| Work instructions |
Gather every line from the entries below that includes "Black".

| Dataset records |
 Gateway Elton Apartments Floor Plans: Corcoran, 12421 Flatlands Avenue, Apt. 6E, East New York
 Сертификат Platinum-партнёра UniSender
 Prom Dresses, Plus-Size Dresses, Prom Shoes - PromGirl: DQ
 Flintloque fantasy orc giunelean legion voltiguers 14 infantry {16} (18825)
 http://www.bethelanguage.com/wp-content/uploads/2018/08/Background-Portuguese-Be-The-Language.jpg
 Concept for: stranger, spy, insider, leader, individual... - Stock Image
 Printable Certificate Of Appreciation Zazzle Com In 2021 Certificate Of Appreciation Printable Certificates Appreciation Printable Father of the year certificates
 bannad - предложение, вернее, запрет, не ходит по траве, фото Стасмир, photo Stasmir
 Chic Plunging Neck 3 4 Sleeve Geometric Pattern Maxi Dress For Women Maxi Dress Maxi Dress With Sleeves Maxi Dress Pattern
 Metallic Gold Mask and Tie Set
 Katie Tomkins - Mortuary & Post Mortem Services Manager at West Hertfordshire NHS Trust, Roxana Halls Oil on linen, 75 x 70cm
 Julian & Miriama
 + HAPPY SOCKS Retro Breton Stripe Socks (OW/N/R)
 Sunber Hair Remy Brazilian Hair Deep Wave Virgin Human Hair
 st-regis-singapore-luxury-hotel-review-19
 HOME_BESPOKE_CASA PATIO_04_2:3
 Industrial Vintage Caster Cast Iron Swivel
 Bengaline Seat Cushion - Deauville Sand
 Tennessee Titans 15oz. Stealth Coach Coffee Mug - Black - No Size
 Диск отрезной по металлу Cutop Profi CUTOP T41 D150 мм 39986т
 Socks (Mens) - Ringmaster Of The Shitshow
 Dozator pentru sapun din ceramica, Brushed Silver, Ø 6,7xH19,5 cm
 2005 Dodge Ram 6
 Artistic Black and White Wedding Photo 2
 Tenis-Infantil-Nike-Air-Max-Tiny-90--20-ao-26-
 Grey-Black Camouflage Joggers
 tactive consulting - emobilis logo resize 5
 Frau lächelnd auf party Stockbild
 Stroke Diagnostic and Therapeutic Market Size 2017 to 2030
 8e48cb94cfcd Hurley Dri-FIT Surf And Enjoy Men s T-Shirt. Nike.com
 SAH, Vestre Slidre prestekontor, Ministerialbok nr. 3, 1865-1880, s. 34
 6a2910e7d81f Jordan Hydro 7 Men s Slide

| Your response |
 Tennessee Titans 15oz. Stealth Coach Coffee Mug - Black - No Size
 Artistic Black and White Wedding Photo 2
 Grey-Black Camouflage Joggers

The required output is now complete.